Colonial days were tough. I knew this previously, but just walking around the redone and comodified Williamsburg was tiring. I cannot imagine actually living there. The history spoke to me in a way that was unexpected. Maybe this was due to people dressed in 1780s garb- bonnets, corseted tops, Thomas Jefferson wigs, and knickerbockers.
In conversing with Pendleton, an employee and re-enactor at the park, I finally understood a mentality I hadn’t considered within those days. Newly free from Britain, many settlers wanted to stick closely to their colony and their states own government. Fear of large government bodies made many colonials desire a localized government. Pendleton even said, “I don’t think we will ever have a federal government.” I giggled inside with the urge to ask what he foresaw for the future of America.
The point he made featured the idea that many settlers had no desire to hand over their liberties and rights to the American government. With this, each state seems to have enjoyed and relished in its own identities because the first instinct in the eighteenth century was to preserve a state identity and utilize a national one only if necessary for war or trade.
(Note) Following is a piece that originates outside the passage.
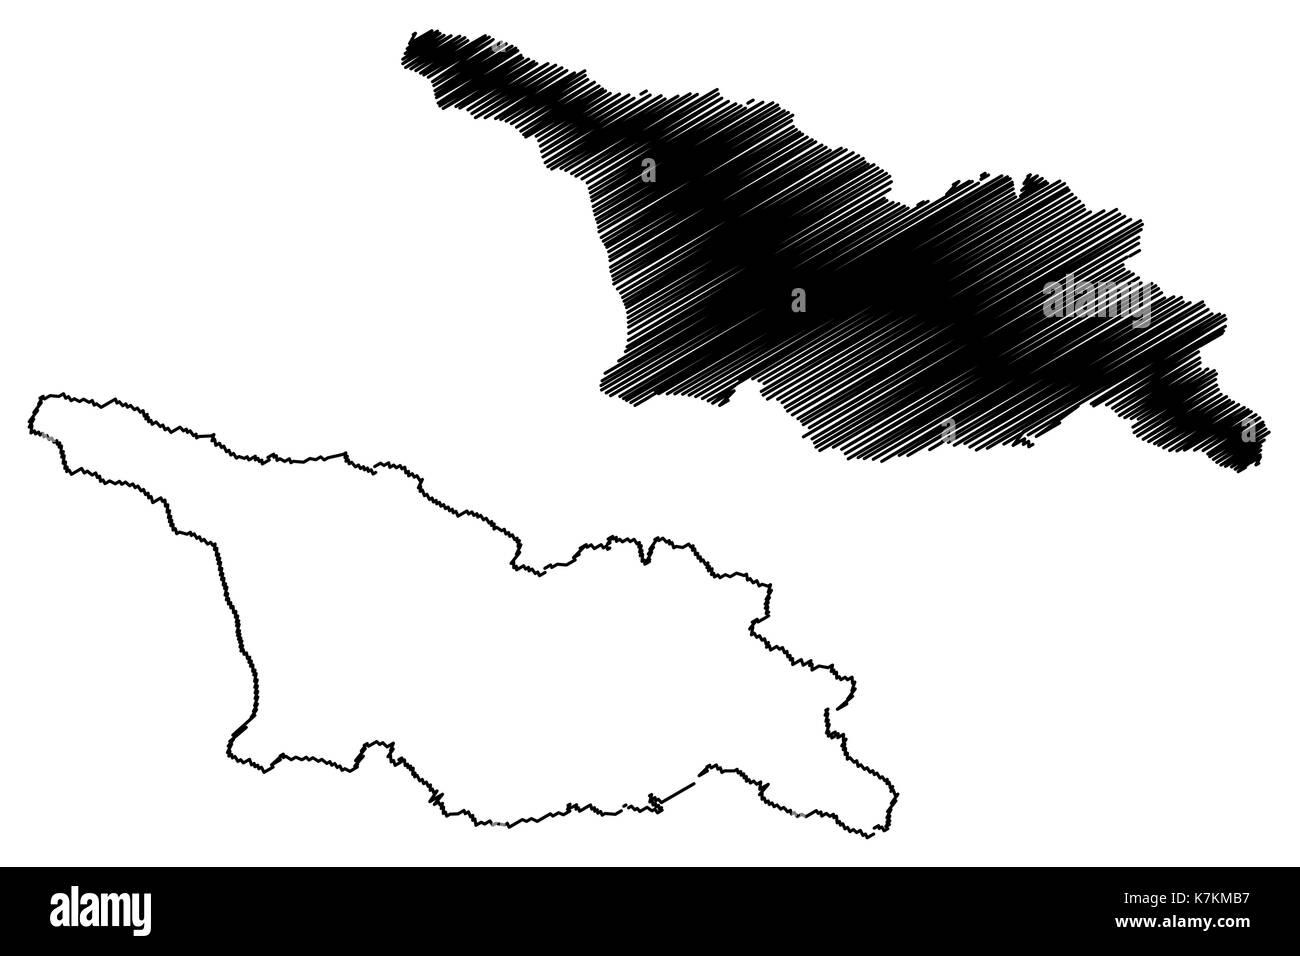 Georgia map vector illustration, scribble sketch Georgian - Stock Image

As far as Virginia was concerned, it could expand its state as far as the great lakes. As long as a man could survive disease and work hard for himself and his family the land was limitless. Nowadays we still use this idea that if we work hard we can achieve anything; Americans expand upwards with buildings, aircrafts, and rockets into the sky which is unclaimed. I wonder if this idea of consumption and growth also needs to be revamped for the new century and post modern age from Pendleton's time.
Are our ideas of consumerism truly good? Is it ok to rise up and want more knowing that others in our country and world will fall lower? Will having more make us happy?